So, in my projects, something happens a lot : I write a Kafka Java producer, and I have to make sure all the important configuration is properly set.
This quick guide is intended as reference to make sure everything is covered!
bootstrap.servers : Kafka server URL. Put several URLs in there, 3 is recommended for production deployment.
key.serializer : mandatory even if you use null keys. The fully classified name of your serializer. See class implementing
org.apache.kafka.common.serialization. If you use avro, use io.confluent.kafka.serializers.KafkaAvroSerializer.
value.serializer : same as key serializer, but for values.
schema.registry.url: if you are using avro for serdes, URL of your schema-registry.
enable.idempotence : set this to true for minimum overhead, maximum data quality. Prevents duplicates and out of order messages at almost no cost. Prerequisite:
max.in.flight.requests.per.connection must be <=
5 (this is the default) and acks must be
linger.ms : how long messages accumulate before they are sent to the broker in batches. Test what works for you according to your message size and your desired latency is throughput.

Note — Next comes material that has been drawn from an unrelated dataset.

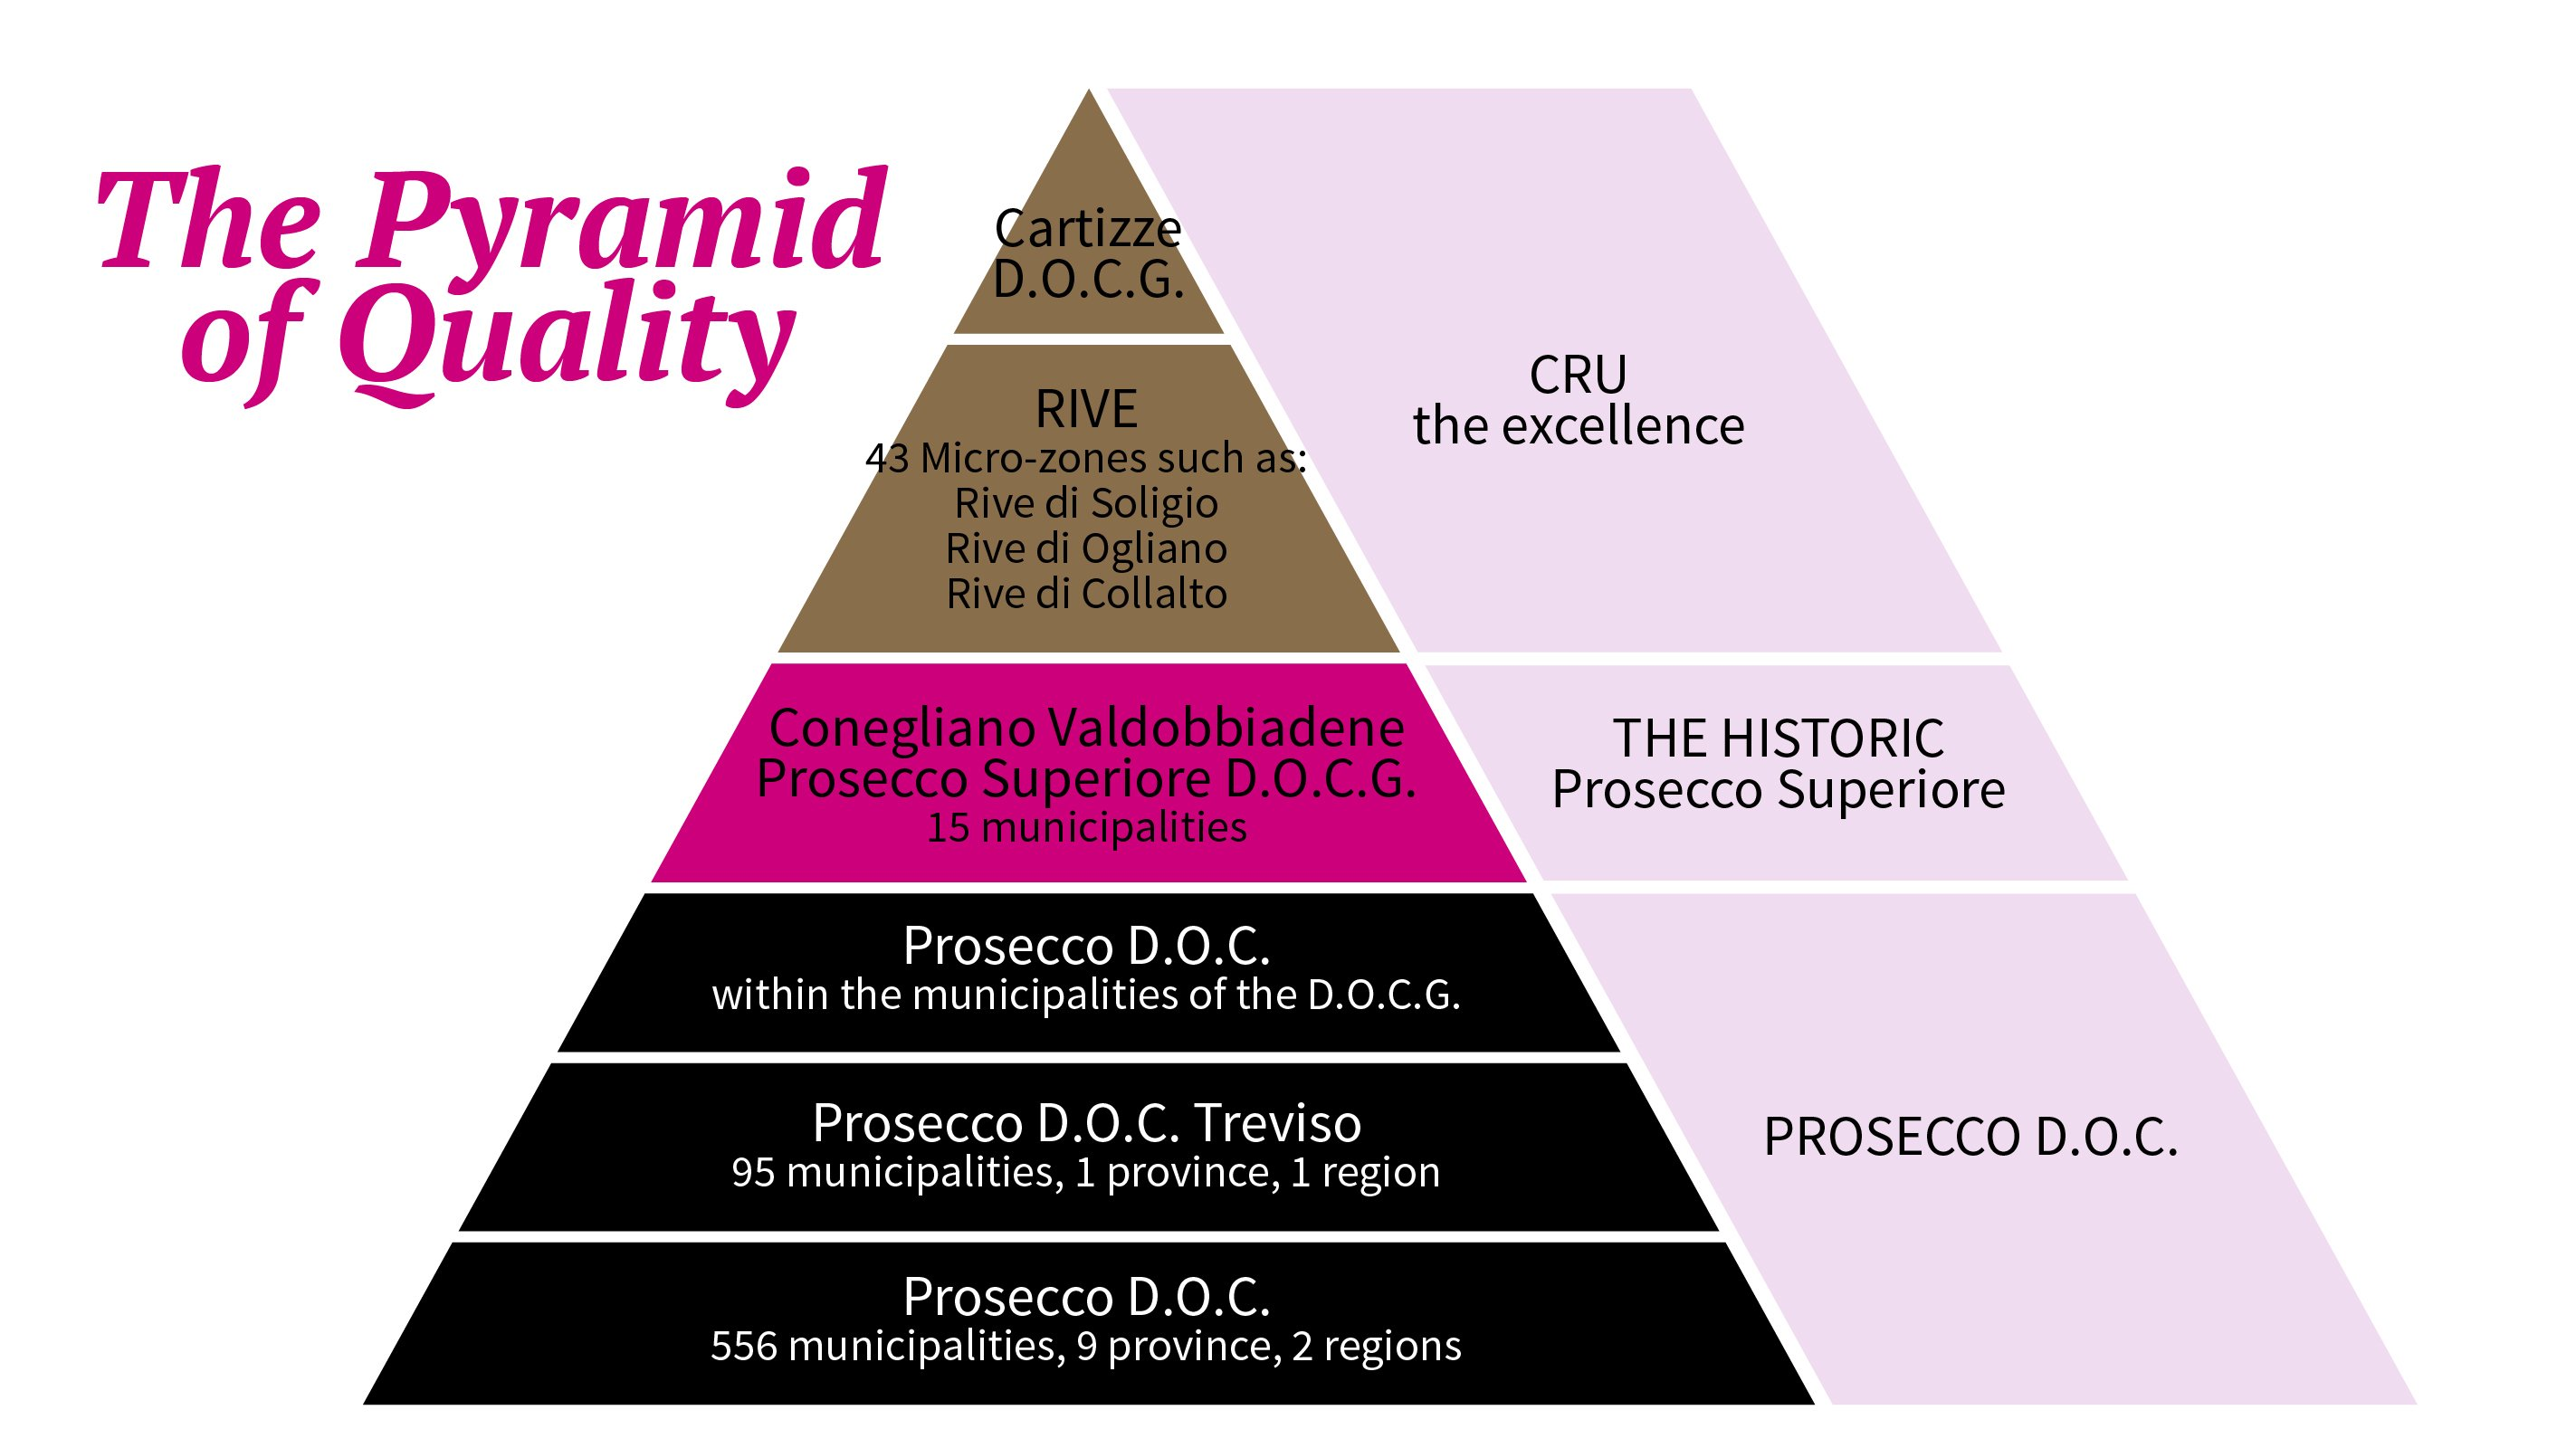 Pyramid of quality

batch.size : max size of each batch before they are sent. Batch will be sent if either the batch size is greater than batch.size, or the time elapsed since batch creation is greater than linger.ms. Test your setup to determine the optimal value.
compression.type : if you get poor performance during your tests, compression can help significantly - up to 40% of performance gain in my experience. This is recommended if you use a serialization format which is text and token heavy (XML or Json).